Increasingly, people are moving away from denominationalism, whether named or otherwise. Many people are realising that the deep walk of faith is not any more monopolised by a particular denomination, than is religious extremism monopolised by any particular religion throughout history.
A post-religious society calls for secular governance which alone can guarantee respect for all in a plural society. History attests to the fact that where a particular religious schema prevails, the minority is silenced or not effectively represented.
Clearly, no Caribbean nation in its right mind, would want to present with a theocracy in lieu of a civilised democratic state. However, if we listen carefully to how many persons of religious faith speak in the region, on the local landscape, and in social media, we hear many voices which assume authoritative superiority with the exaggerated view that all other perspectives must be in subjection to theirs.
Secular governance is the only political enterprise known to human society that has the capacity to protect all persons regardless of their religious and philosophical narratives. That governments and political representatives know how to make a distinction between religious dicta and the public square is sine qua non in the quest for a non-discriminatory society.
“Out of many one people,” is not a quest for the abolition of diversity. The many must of necessity affirm a plurality of contending independent concepts. I use the phrase independent concepts to cover religious, agnostic, and atheistic views.
A plurality of independent concepts calls for the equalising stabiliser of democratic political theory where all views are protected at the round table of public discourse. The place of secular governance is neither the domain of religious nor atheistic independent concepts. Secular politics is not a movement to quell the religious voice or to silence the voice of religious faith. Secular governance is also not partial to agnosticism or atheism.

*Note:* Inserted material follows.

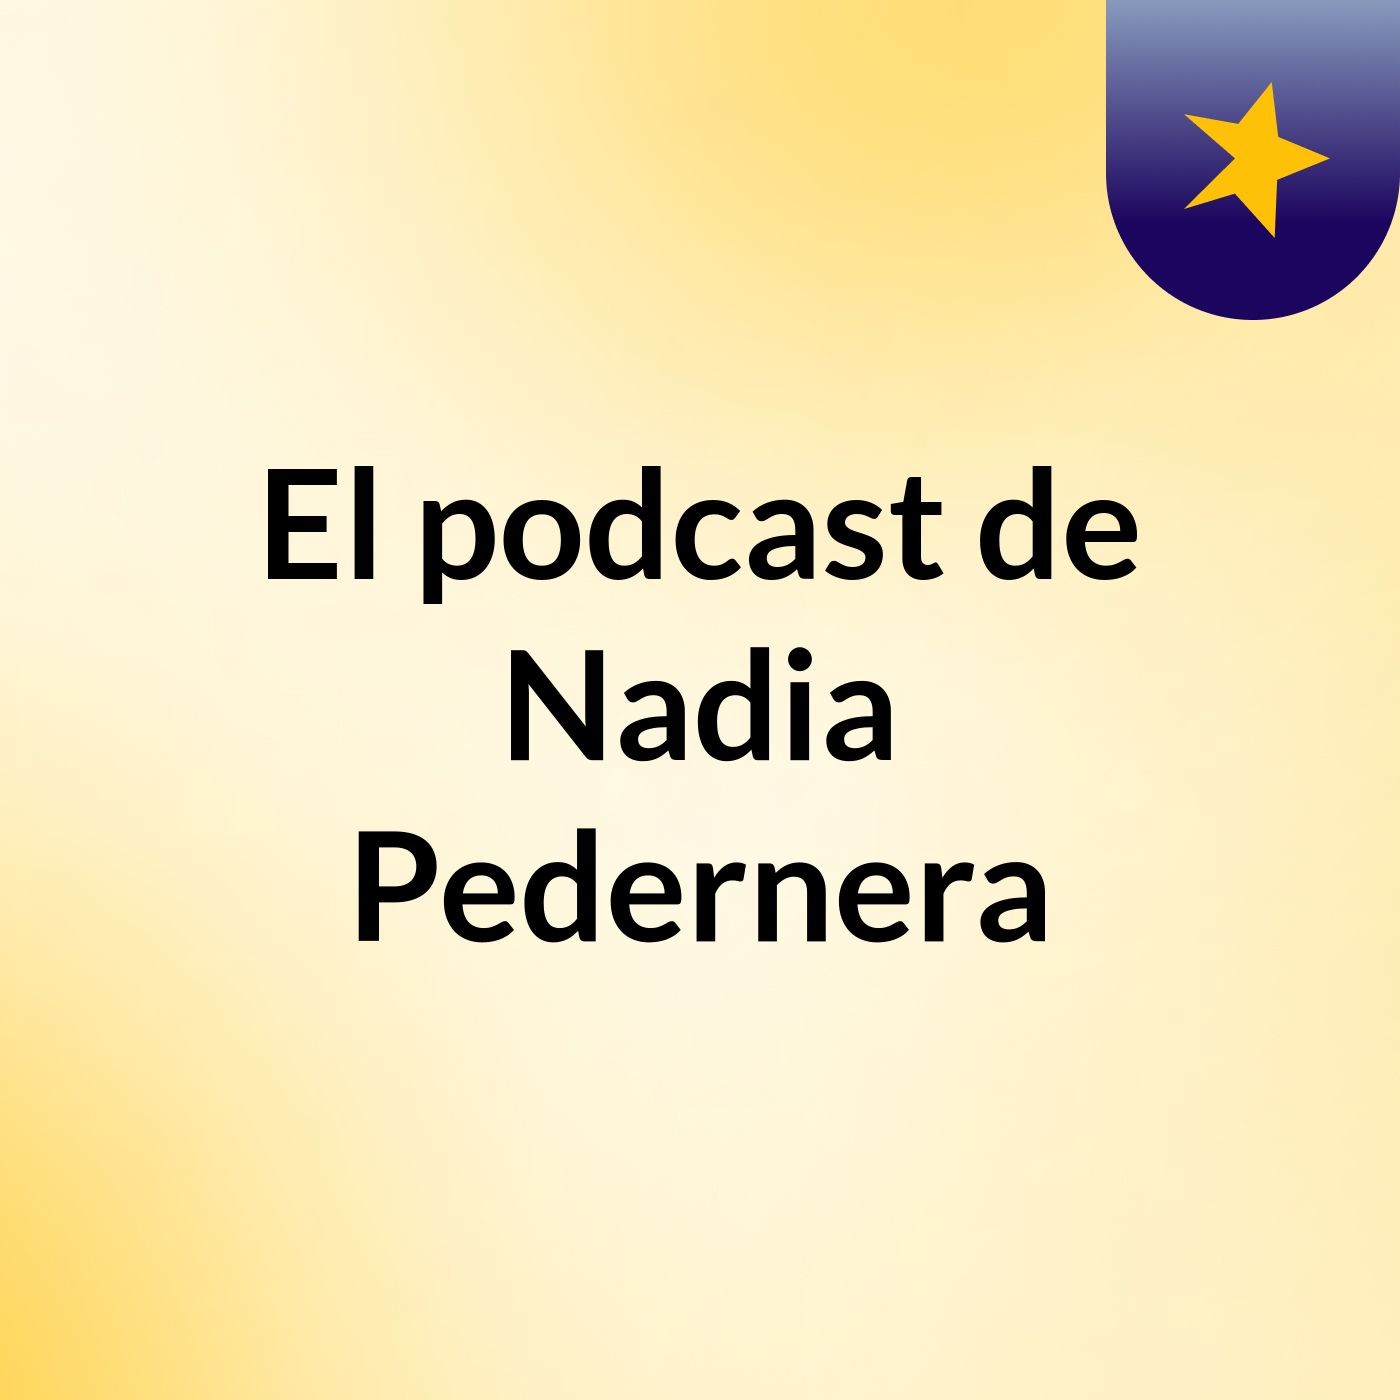 Episodio 17 - El podcast de Nadia Pedernera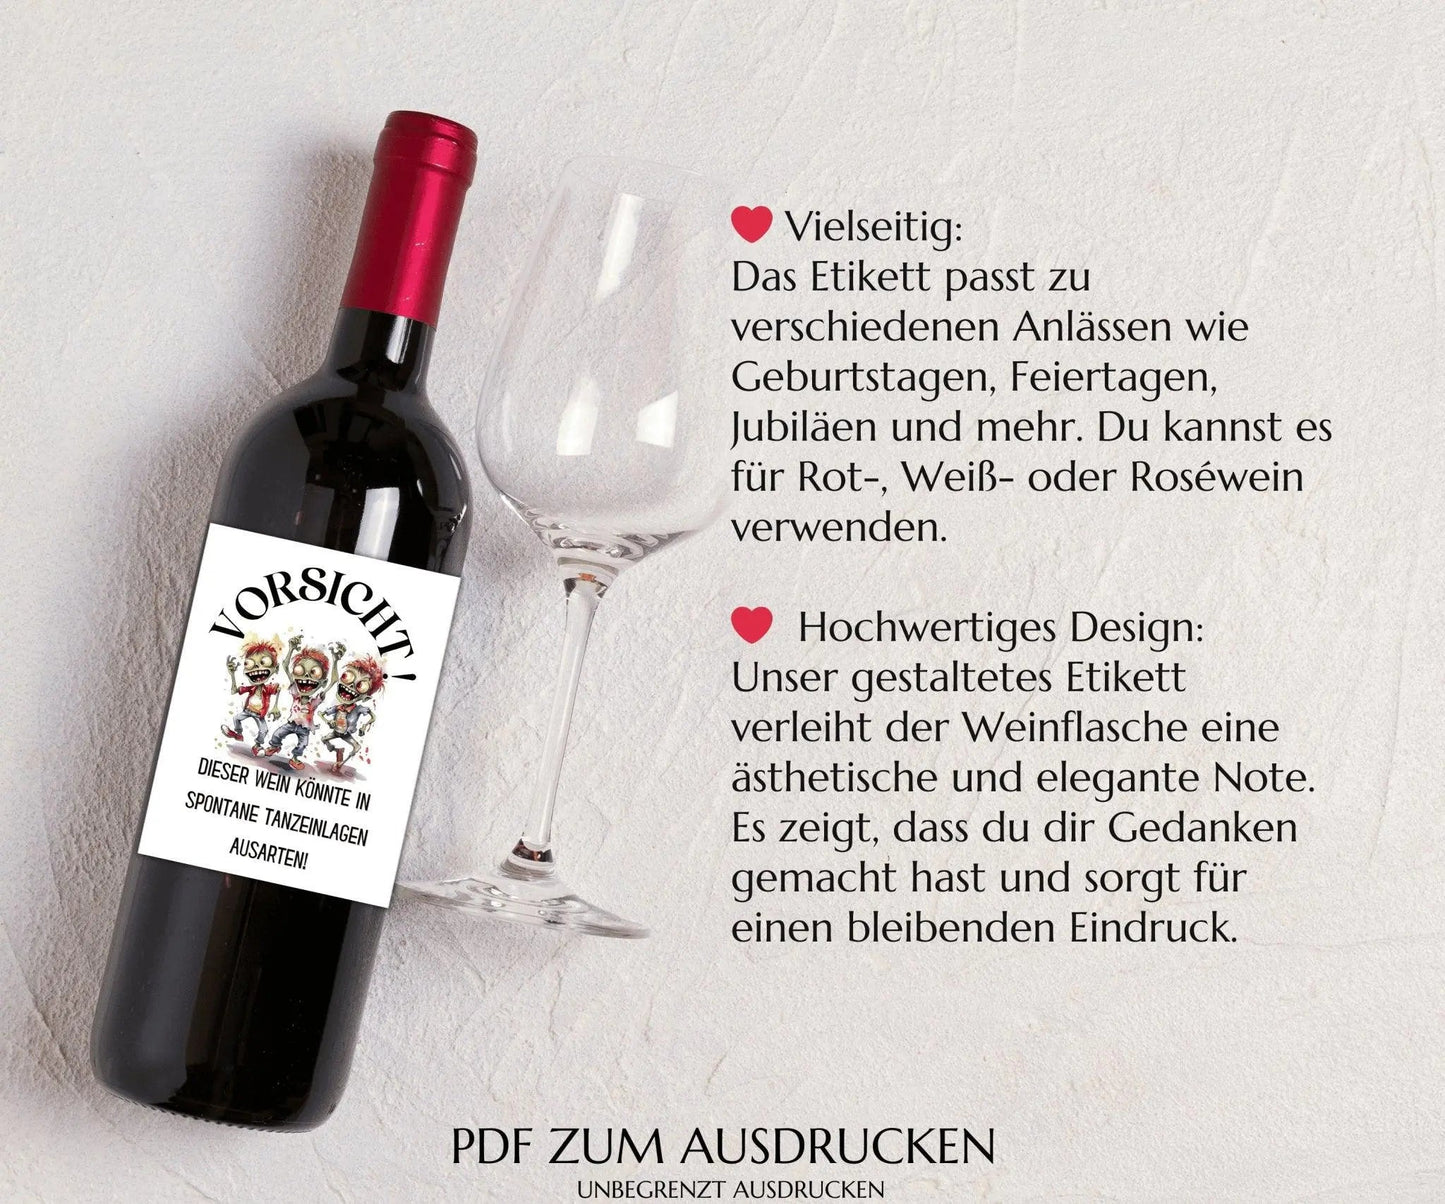 Vorsicht, dieser Wein könnte in spontane Tanzeinlagen ausarten - Weinetikett zum Ausdrucken - JSKDesignStudio.de

Secular governance promotes the protection of the independent concepts to ensure that democracy protects the freedom, conscience, and views of everyone regardless of religion or otherwise. This is not about preventing religious thought from being an influence for good, provided that such a potential good is of universal value in the public domain. When Marcus Garvey says, “God and nature first made us what we are, and then out of our own created genius we make ourselves what we want to be…” His statement has religious import. However it does not prevent an atheist from appreciating its affirmation of intrinsic motivation. One does not have to believe in God to appreciate ability, creativity, and possibility.
The ennobling act of the Caribbean church will not be its capacity to divide, but its discovery of our common humanity on the road to self awareness, respect for diversity, and the universal affirmation of social justice and human rights for all.